Verizon shares fell 1.2 percent in premarket trading as analysts worried about the company's prospects for growth in wireless, on which it has been depending to offset declines in its traditional home telephone business.

Verizon said its Verizon Wireless venture with Vodafone Group Plc added only 423,000 postpaid customers -- subscribers who are seen as the most valuable because they pay monthly bills and commit to long-term contracts.

This was well below the average expectation for 582,000 postpaid additions from five analysts contacted by Reuters. The estimates ranged from 480,000 to 725,000.

Expectations for postpaid were already low but they weren't low enough. The postpaid pool has just about dried up, said Bernstein analyst Craig Moffett.

It certainly raises profound strategic questions of where you go for growth in this industry, he said.

On Wednesday, Verizon's biggest rival AT&T Inc had reported postpaid additions of 512,000, which was also sharply below previous growth.

Verizon's first-quarter profit fell to $2.28 billion, or 14 cents per share, from $3.21 billion, or 58 cents per share, in the same quarter last year.

The latest quarter included a hefty charge of 42 cents per share, most of which came from a non-cash charge related to U.S. healthcare reform laws. Verizon said earlier this month it would take such a charge.

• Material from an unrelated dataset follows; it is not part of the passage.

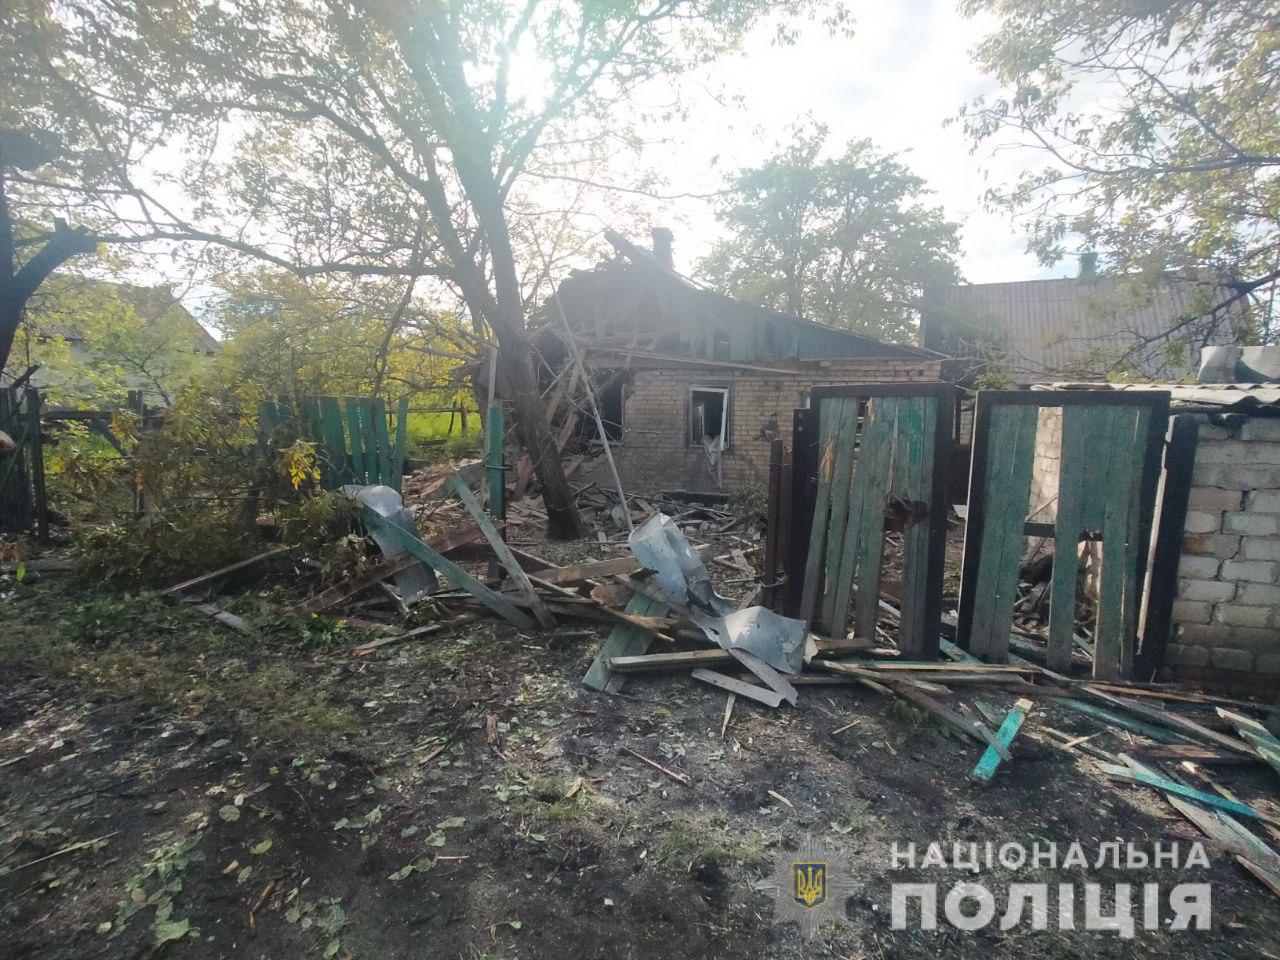 Трое мирных жителей Донецкой области погибли 14 мая. Под прицелом оказались 11 населенных пунктов, — полиция (ФОТО) 8

Piper Jaffray analyst Christopher Larsen said that while subscriber growth was disappointing, it helped Verizon's wireless profits because it meant a reduction in the costs such as phone subsidies that Verizon incurs for adding new customers.

Larsen said the slowdown in subscribers means the company would have to push more than ever to expand the revenue it receives from each customer.

Expect topline growth to slow but this isn't going to go to a zero growth business, he said.

Revenue rose 1.2 percent to $26.92 billion, compared with analysts' expectations for $26.94 billion, according to Thomson Reuters I/B/E/S.